Trinitarianism is the outgrowth of the early Christian Church coming to terms with the Jesus Event and all of its ramifications. That Jesus was in some sense identified with the God of Israel is found in the New Testament itself, what followed in the next few centuries was trying to make sense of this. Various competing theories existed at various times, some forms of Adoptionism posited that Jesus was adopted as God's Son and became Divine in His resurrection. Modalistic Monarchianism (also called Modalism or Sabellianism) stated that Jesus was the Father appearing in human likeness.
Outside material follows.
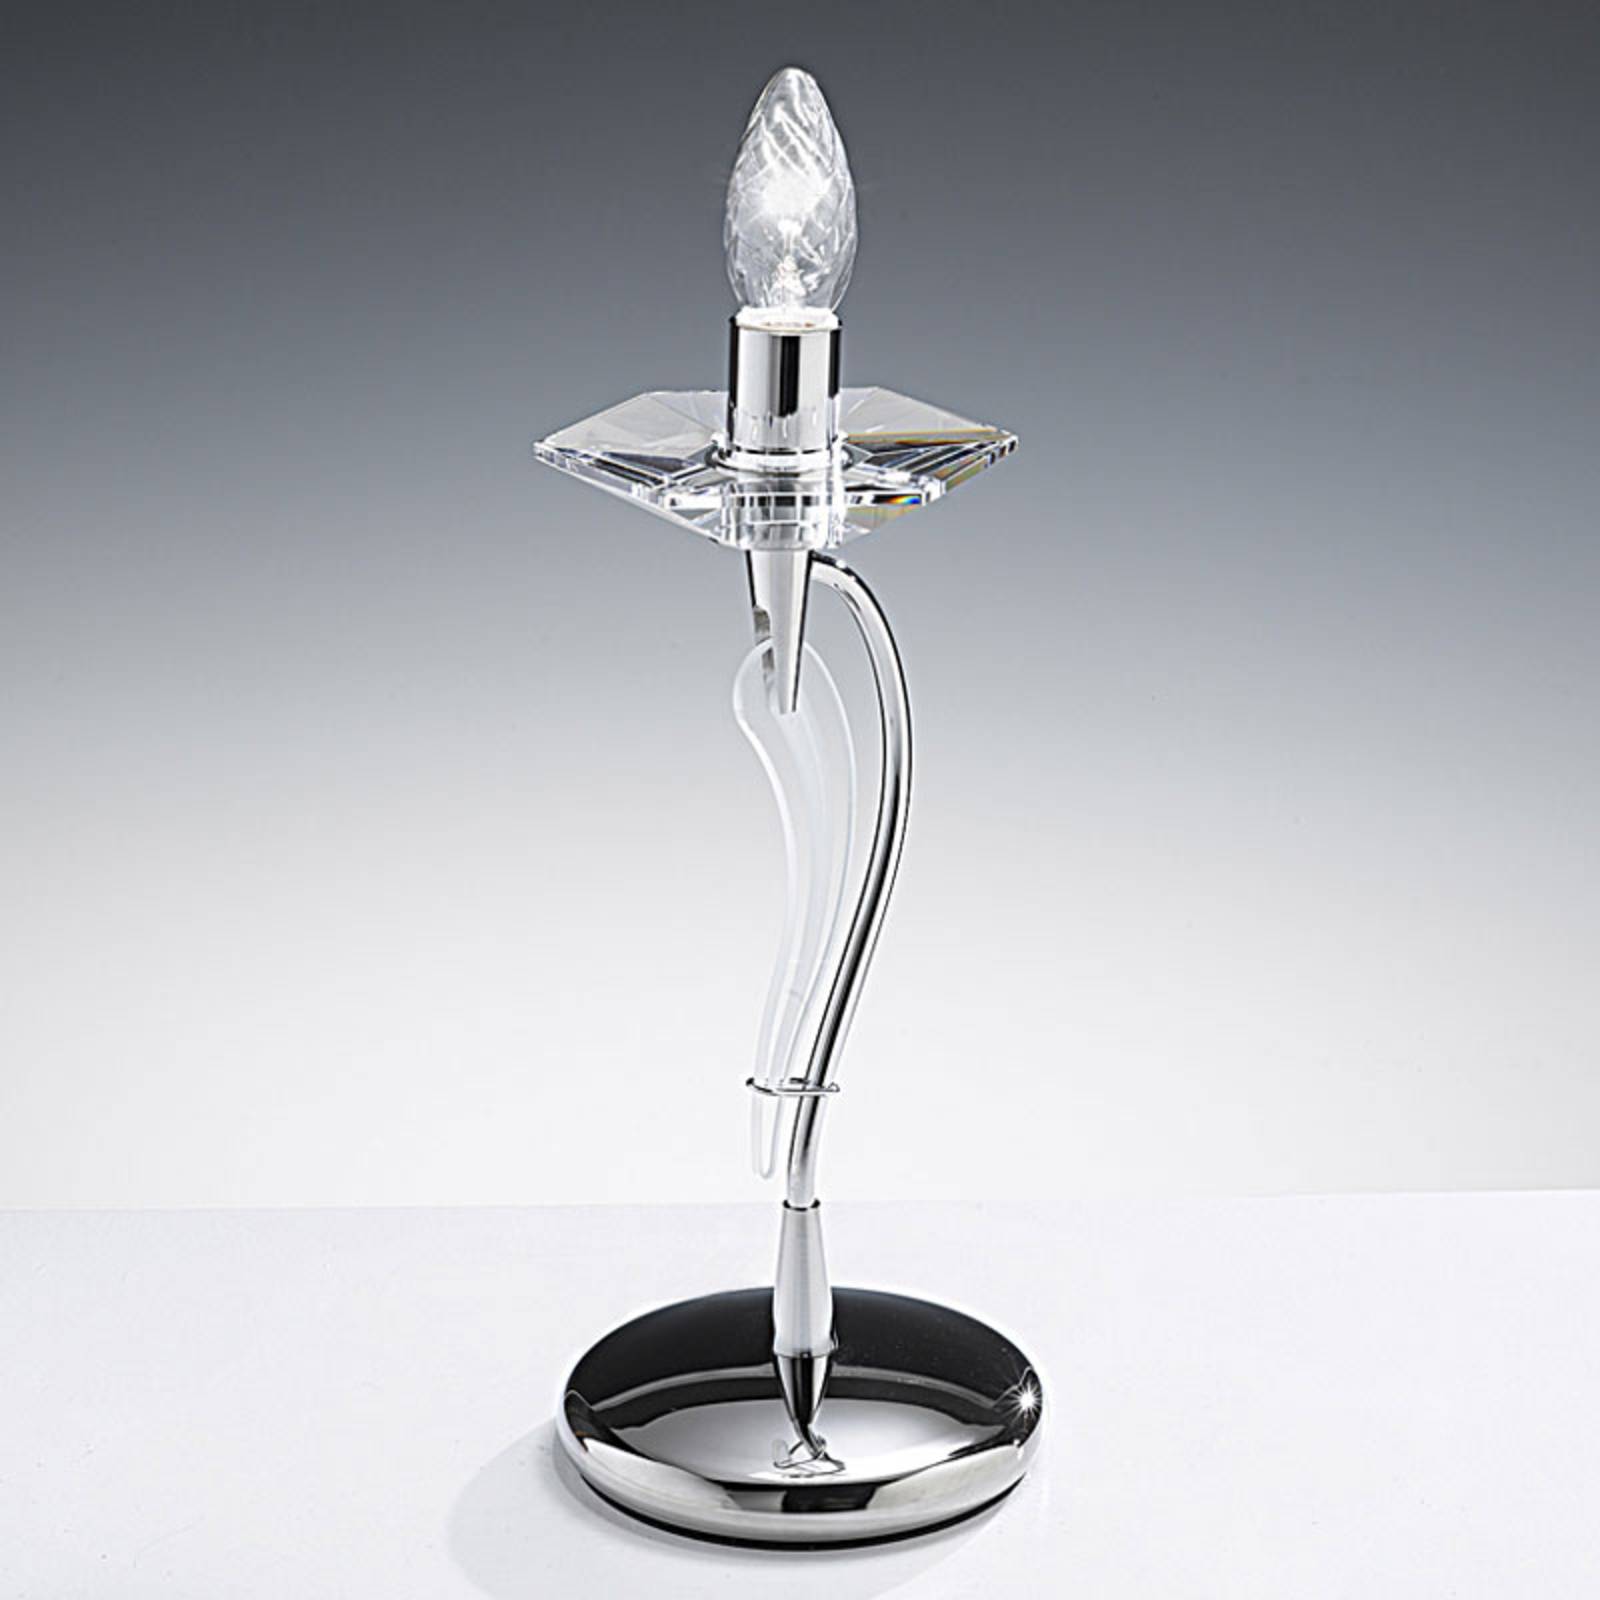 metallux lampe à poser icaro 1 lampe, verre cristal, chromé

Arianism said that Jesus was Divine, but was a lesser divinity, a second God created by the Father to function as an intermediary in the act of creation and redemption, a Demiurge.
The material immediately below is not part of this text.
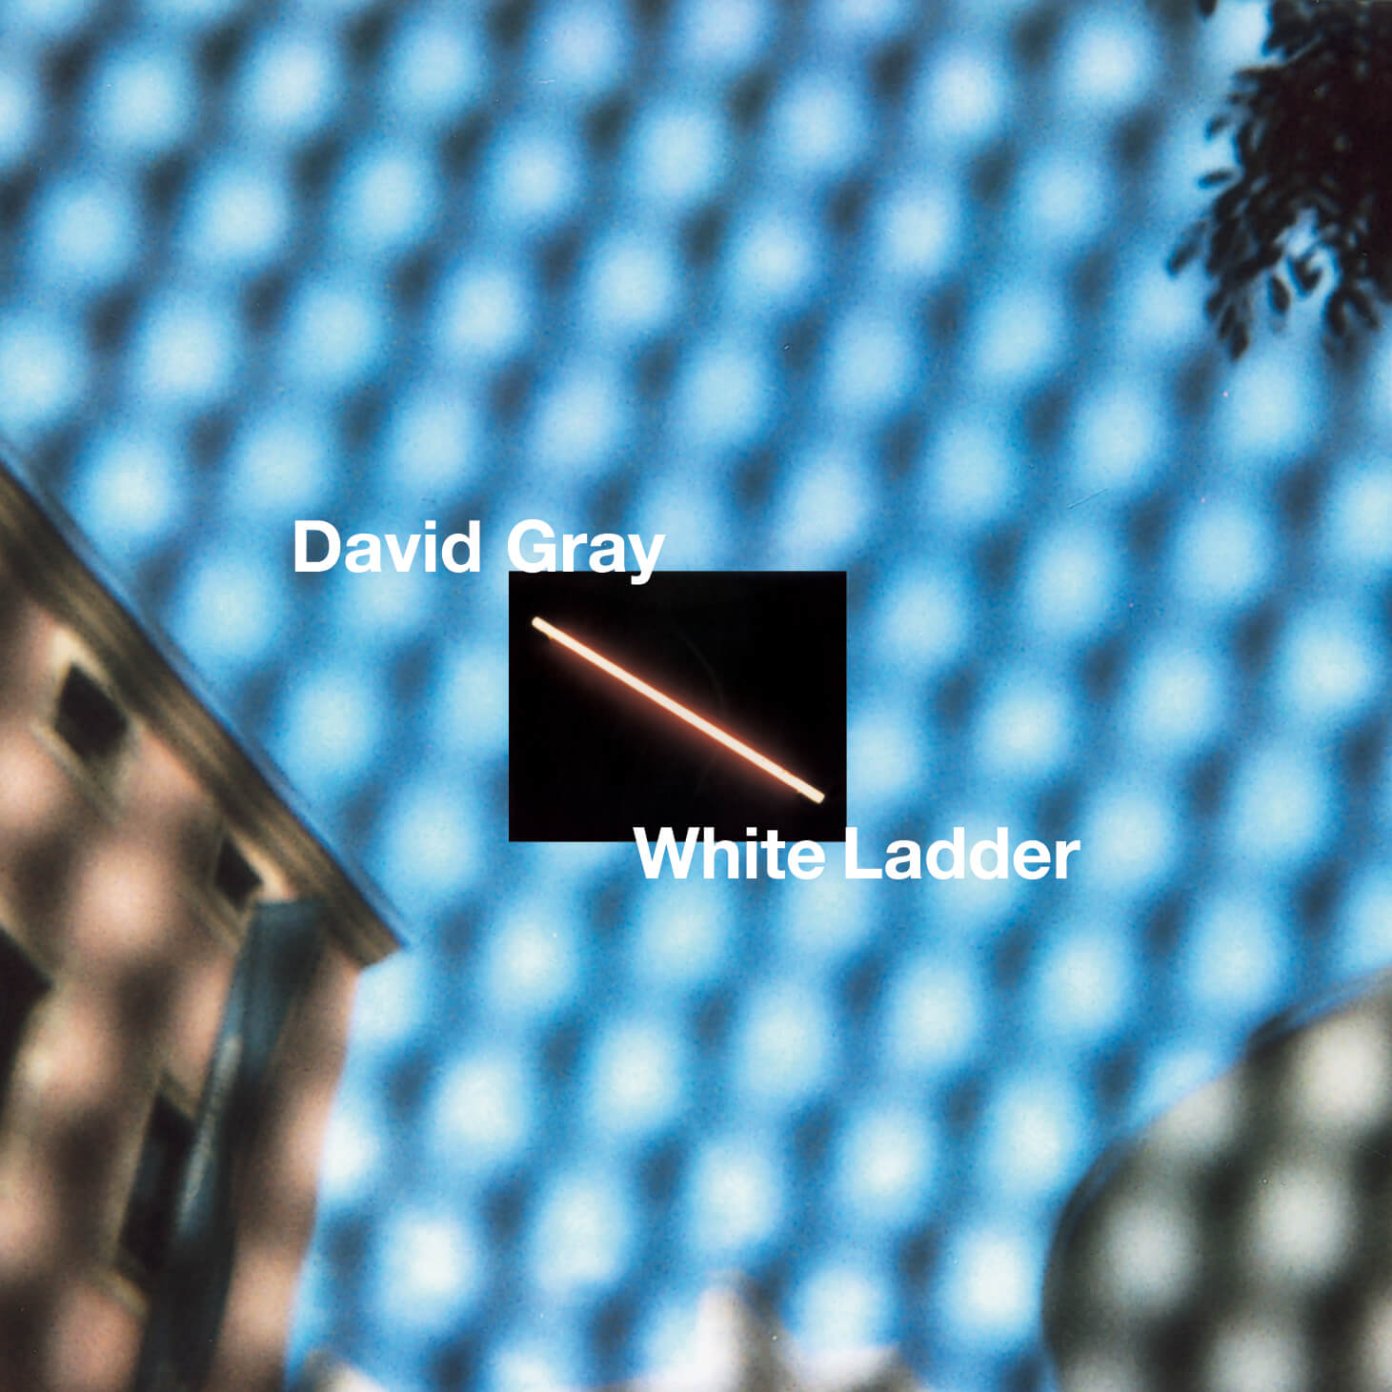 david gray white ladder tour review 2022

Ultimately Trinitarianism was the result of early Christians concluding that these different theories just didn't work, they all failed at some level to describe the full impact of the Jesus Event. Following the specific Christological arguments in the early-mid 4th century between the Nicenes and Arians, the debate moved over to question of the Holy Spirit. The Holy Spirit had long also been understood to be distinct from the Father and the Son in some sense, being at times identified with the Wisdom of God such as that Theophilus of Antioch spoke of the Trinity as the Father, His Word and His Wisdom.
It has nothing to do the Father needing help (or needing anything whatsoever); but has everything to do with making sense of the Event and experience of Christ and the Spirit in relation to the understanding of God in the ancient Christian community.